The Department for Work and Pensions has acknowledged that the introduction of chair’s statements has failed to meet the policy objectives set out by the department in 2014.

“Significant weaknesses” in the defined contribution set-up were identified by the Office of Fair Trading in 2013, and over the course of the two years subsequent the DWP first consulted and then legislated on remedies that would allow DC savers to benefit from competition in the industry. 

The changes were principally in the areas of governance, charges and transparency, and among the range of measures brought in were chair’s statements, which mandate schemes’ trustees or managers to prepare and publish a range of documents including annual reports and accounts, its default investment strategy, and other materials relating to governance and charges.

But the statements, which must be published within seven months of the end of each scheme year — and reported to the Pensions Regulator — have been found wanting after the DWP conducted a review into their efficacy.

The multipurpose nature of the chair’s statement has bought many challenges for trustees. It’s become too long and costly to produce and is more a regulatory document than a member-facing communication

Kate Smith, Aegon

“The review has identified... that the policy objectives in relation to the chair’s statement are not being achieved within the current approach,” the DWP’s post-implementation review document stated.

“In particular, using a single instrument — the chair’s statement — to try to achieve multiple policy goals, in respect of scheme governance and member engagement, does not work.”

It continued: “The purpose of the statement was intended to act as part of a suite of measures to deliver better scheme governance standards, and this review has identified it should be refocused to deliver that goal.”

Among the many problems identified by the review, it was found that the industry as a whole was unclear who was supposed to be the audience for chair’s statements, as well as uncertain about their broader purpose.
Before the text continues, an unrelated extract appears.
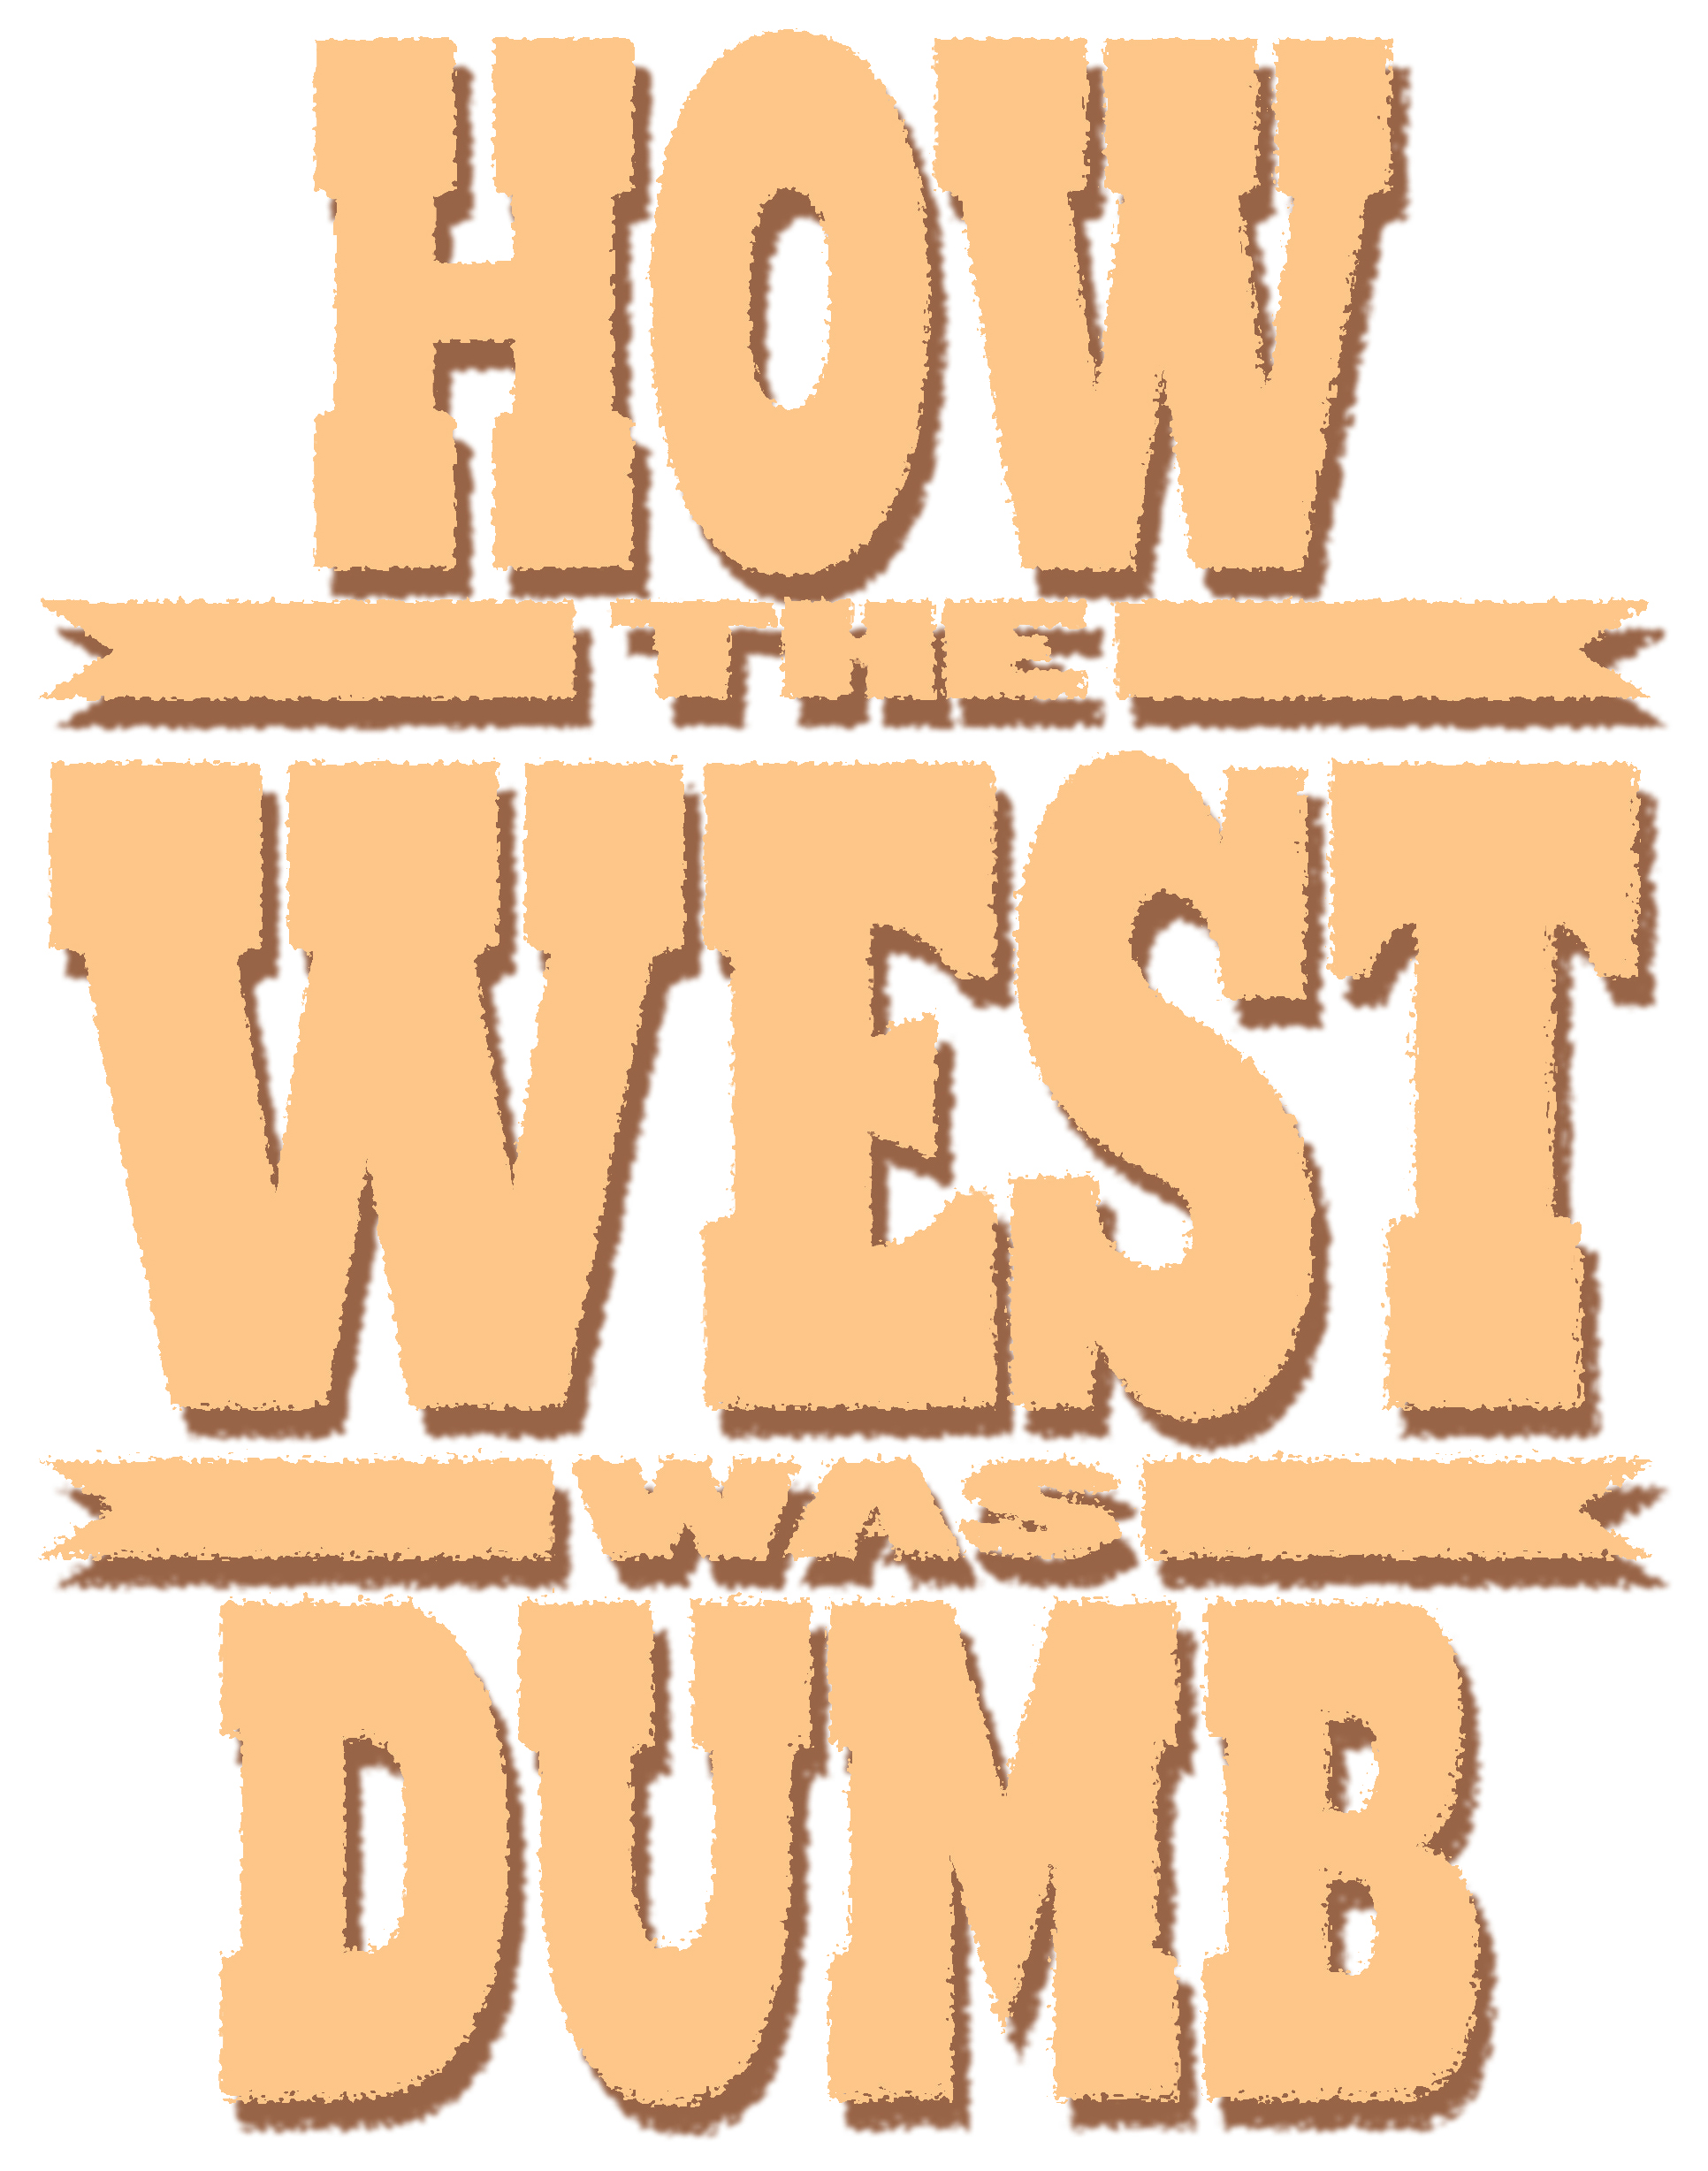 How the West Was Dumb

Some respondents to the review said they had come to regard the chair’s statement as a “tick-box exercise”, while others said they were not “clear as to whether the chair’s statement is intended to be a governance compliance document or aimed at providing transparency by providing certain information to scheme members”.

“It is currently operating as a document intended for multiple audiences,” the review stated.

It was also highlighted that chair’s statements were not fulfilling the goal of improving member engagement.

“It was suggested that in the experience of trustees, the statement was read primarily by TPR, industry experts, consultants and potentially other trustees. Very few scheme members look at it,” the DWP’s response stated.

Though most respondents said that some form of chair’s statement was essential, “there was unanimous opinion that a multiple-purpose approach cannot be contained in one document”.

“It does not work as a communications tool for members and there is little evidence that members know it exists,” the response noted.

Too long, too complex, too costly

The DWP’s review concluded that the multipurpose nature of the chair’s statement was responsible for many of the problems, with the result being a significant cost and governance burden that failed to fulfil any of its core functions properly.

“There is general concern about [the] compilation of the statement. Interpretation of current requirements means the documents are very long (in some instances approaching 100 pages), extremely technical, too prescriptive and complicated,” it noted.

Additionally, the cost of preparing a chair’s statement can be considerable, often costing “in the region of £15,000–£20,000 to produce, once fees for data collation, drafting, legal review and auditors are factored in”.

Meanwhile, TPR does not have the power of discretion, being unable to choose when and where to impose mandatory fines for non-compliance.

“This has made compilation of the chair’s statement resource and cost-intensive — consultancy and legal review fees, staff time spent by in-house pension teams and trustees — to ensure mandatory penalties are avoided. This cost ultimately falls on the scheme members,” the review stated.

In its conclusion, the DWP said that the nature and make-up of the chair’s statement should be revisited, as well as the information to be contained within it.

“Further work will be required between DWP, TPR and industry representatives to ensure common agreement on content. This would enable the chair’s statement to be shorter and more focused than the way it is implemented under current requirements,” its response noted.

Industry vindicated

The acknowledgement by DWP that chair’s statements are not having the desired effect vindicates a warning issued in February by LCP.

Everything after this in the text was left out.